That's how calls to C runtime functions work on my machine. C functions
don't adjust the stack on returning so it must be done by the caller.
> Why did you put "count" in memory instead of ecx with push/pop or in edx?
> What happens if you make all variables register based?
Some of this code was translated from a high-level language so I kept the
instructions as they were generated. Only the main block transfer code was
in inline assembler. (Of course I retested the code as shown to make sure it
still highlighted the problem.)
> What happens if you rescale 5000 and use "rep movsd"? Aligned moves?
> "fast
> strings" crossing a page boundary?
Using variations such as movsd sometimes made the difference you would
expect (but was still slower on some block sizes). But movsb showed the
problem more effectively.
Playing around with alignments sometimes helped, but was not the problem
because the same alignments could sometimes be fast too!
--
Bartc
<snip>
MOVSx is quite outdated. Try this instead:
sub esp,8
nop ; resolve dependency (amd + intel)
nop ; (amd only)
mov [esp],n
call _malloc
mov edi,eax
call _malloc
mov esi,eax
mov [esp],edi
mov [esp+4],eax
mov ebp,1000000
L0:mov edx,416 ; reduce loop to 1/12th
L1:mov eax,[esi] ; feeds three Athlon pipes
mov ebx,[esi + 4] ; (on intel machines two or
mov ecx,[esi + 8] ; four moves per loop may
mov [edi],eax ; throw better results)
mov [edi + 4],ebx
mov [edi + 8],ecx
add esi,12
add edi,12
dec edx ; inner loop--
jns near L1 ; moves 5004 byte...
mov edi,[esp] ; restore addresses
mov esi,[esp+4]
dec ebp ; outer loop--
jne near L0
add esp,8 ; IMPORTANT last step!
Sorry for syntax errors, I'm used to write code
with AS... ;) The NOP(s) at the beginning feed
idle pipes for the time ESP needs to update its
content. We could prefetch the first bytes from
the arrays here, but their addresses are not
known, yet.
Do not use EBP if this code is called from C. C
depends on the base pointer! Because there are
no registers left, subtract 12 from ESP and re-
place EBP with [ESP + 8]. Alternatively, you
might store EBP on the stack and use it for the
loop. (DEC EBP=1, DEC [MEM]=4 clocks (Athlon) *
1e6 saves 3e6 clocks ~ 0.0015 s @ 2 GHz.)

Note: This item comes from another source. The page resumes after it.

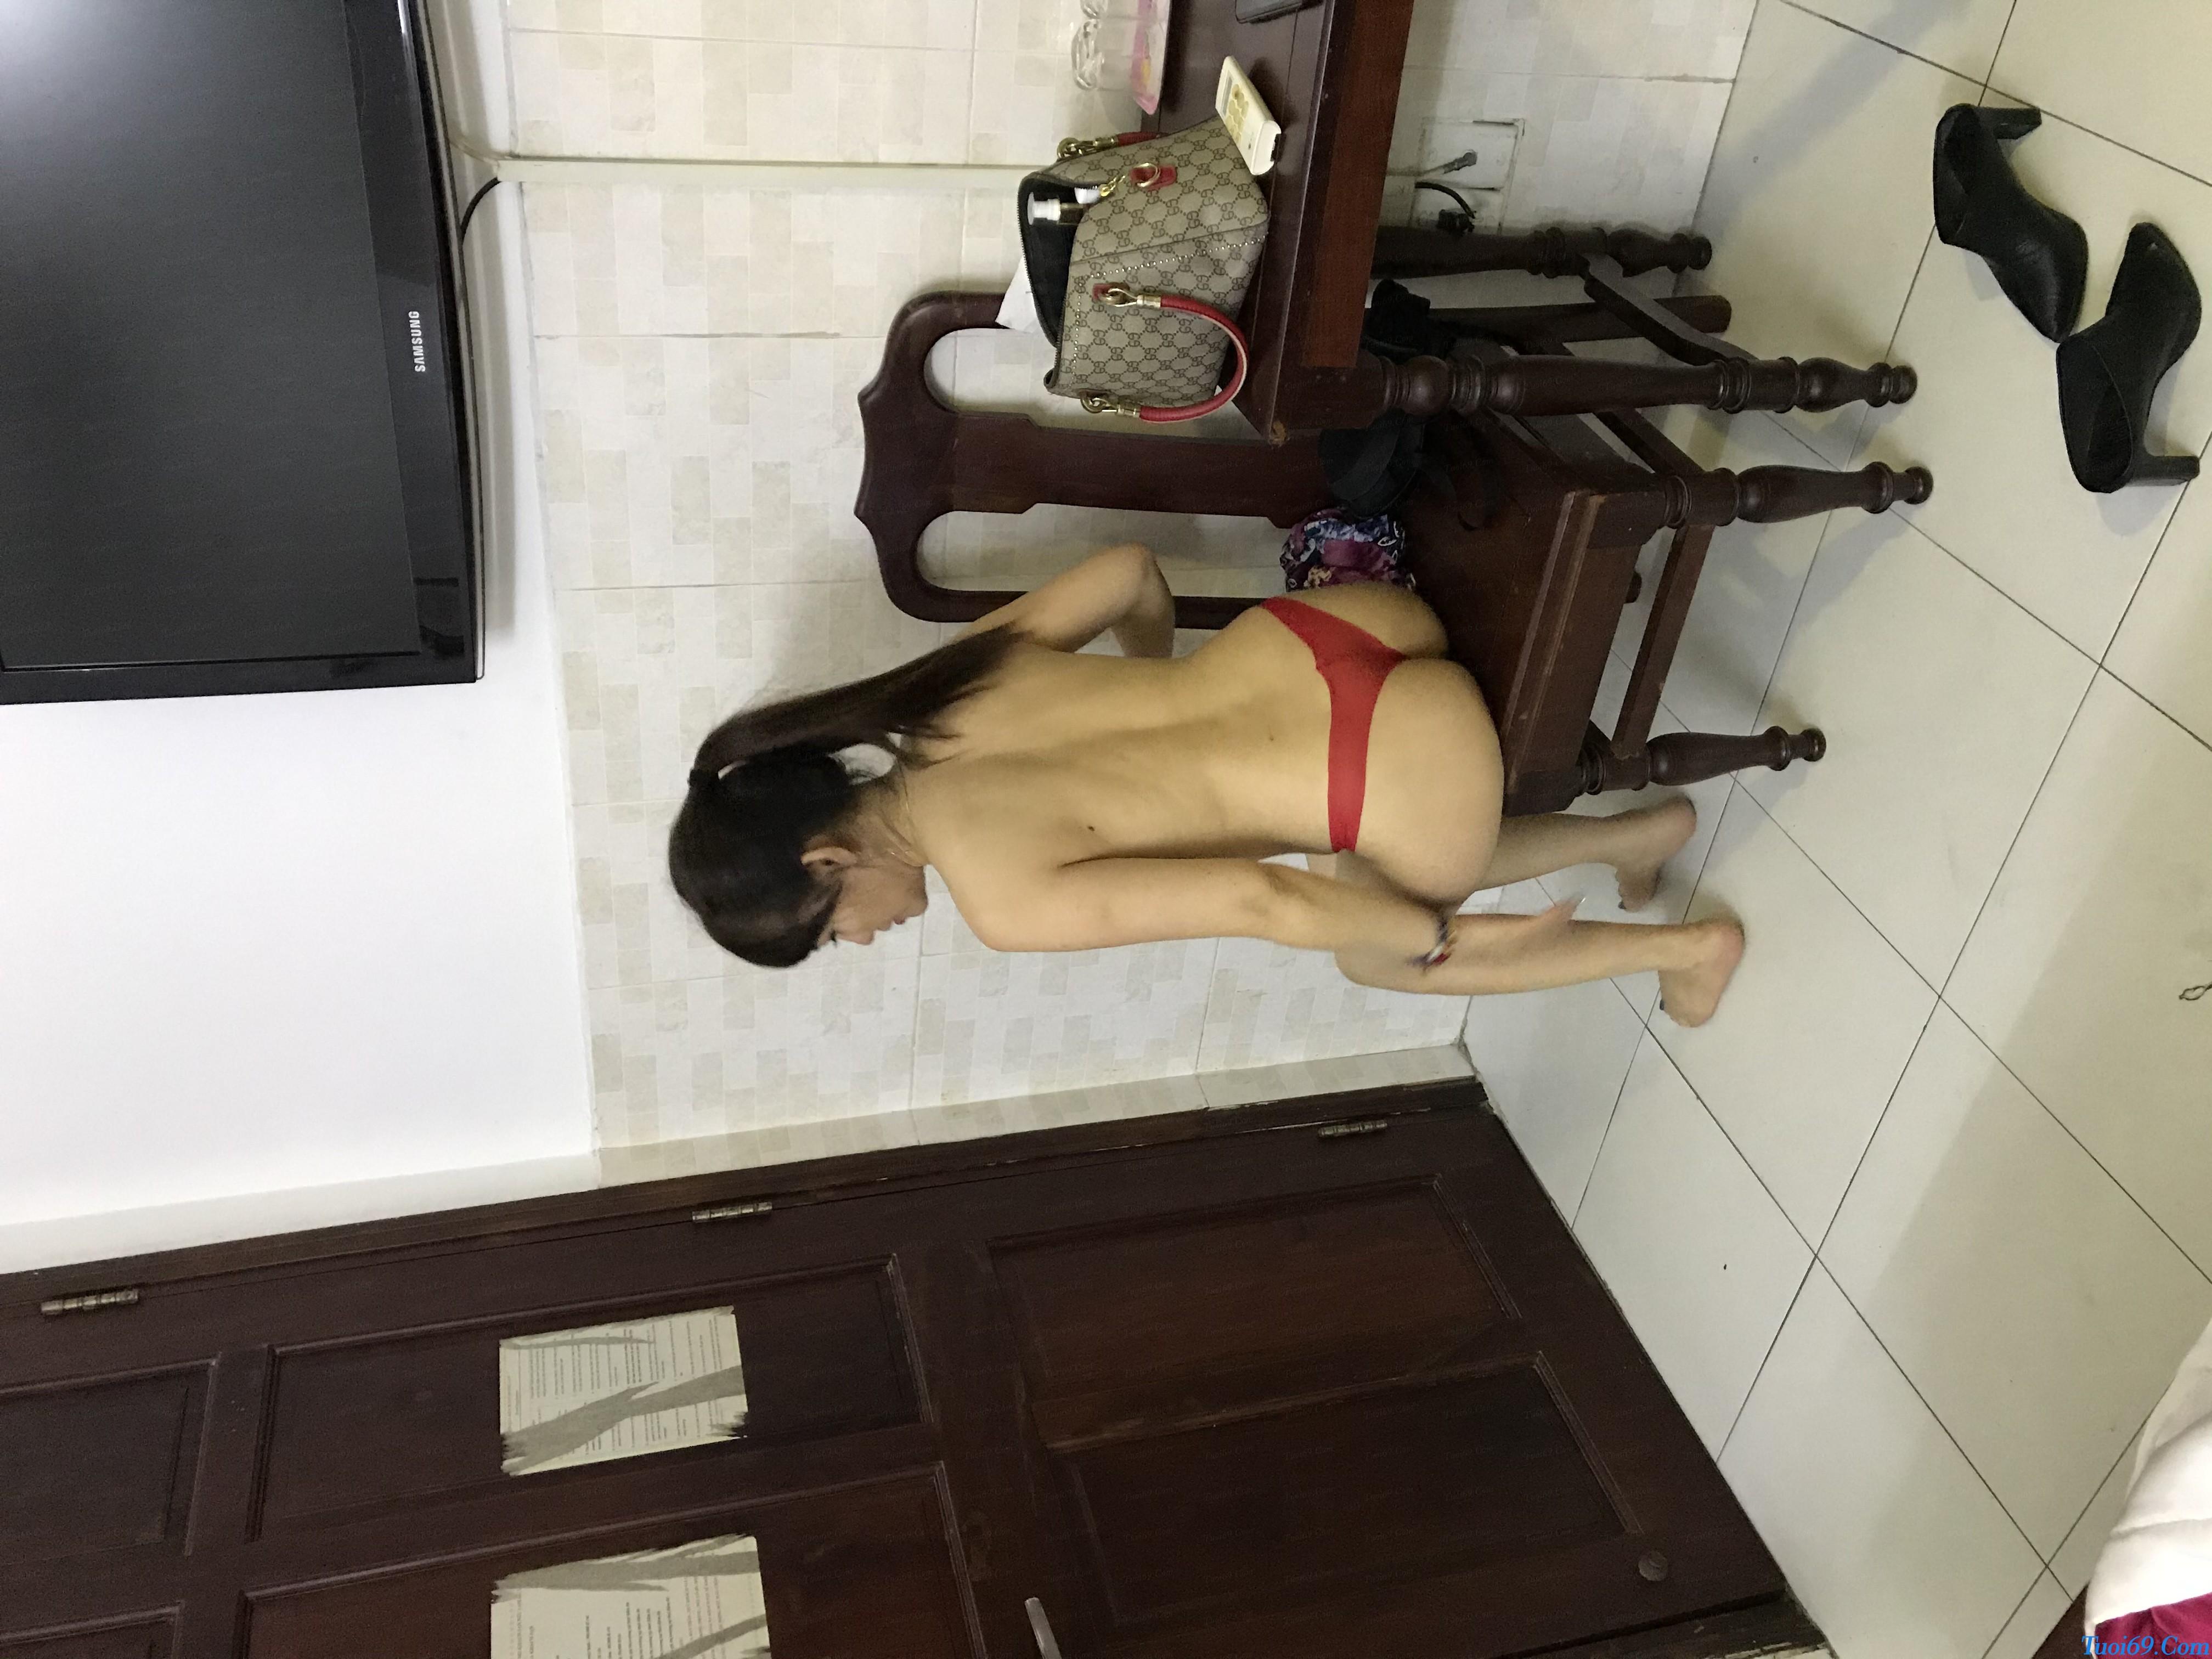 tuoi69net-review-em-gai-lan-huong-dam-nu-dang-yeu-chieu-khach-2

Note that the three moves *to* memory trigger WC
(write combining). It's faster than three single
MOV instructions executed one after another (one
simultaneous write vs. three times one write per
cycle). However, it doesn't work if writes cross
a cache line (about every 4th inner loop).
Same scheme works much faster with four or eight
XMM registers and prefetching as shown on AMD's
website.
If this code shows the same behaviour than your
code, it's probably caused by _malloc. Your 0.6
seconds result seems reasonable for MOVSB.
Greetings from Augsburg
Bernhard Schornak
Are you really claiming that this loop will beat a "rep movsd", which runs
at one cycle per dword?
--
Tim Roberts, ti...@probo.com
Providenza & Boekelheide, Inc.
AMD 40546.pdf (software optimisation guide) says:
> ---------------------------------------------------------
>
> *REP MOVSB/W/D/Q VectorPath 5 clocks*
>
> 8.3 Repeated String Instructions
>
> Optimization
>
> Use the REP prefix judiciously when performing string
> operations.
>
> Rationale
>
> In general, using the REP prefix to repeatedly perform
> string instructions is less efficient than other methods,
> especially when copying blocks of memory. Even though
> using the REP prefix may seem attractive due to its small
> code size, a loop may yield better performance due to its
> minimal overhead, compared to the setup overhead of using
> the REP prefix. However, certain string operations can
> benefit from using the REP prefix when the increased
> throughput compared to that of a loop makes up for its
> setup overhead for any specific repeat count.
>
> ---------------------------------------------------------
Test different versions of the loop with RDTSC before and
after the loop body to determine the real execution time!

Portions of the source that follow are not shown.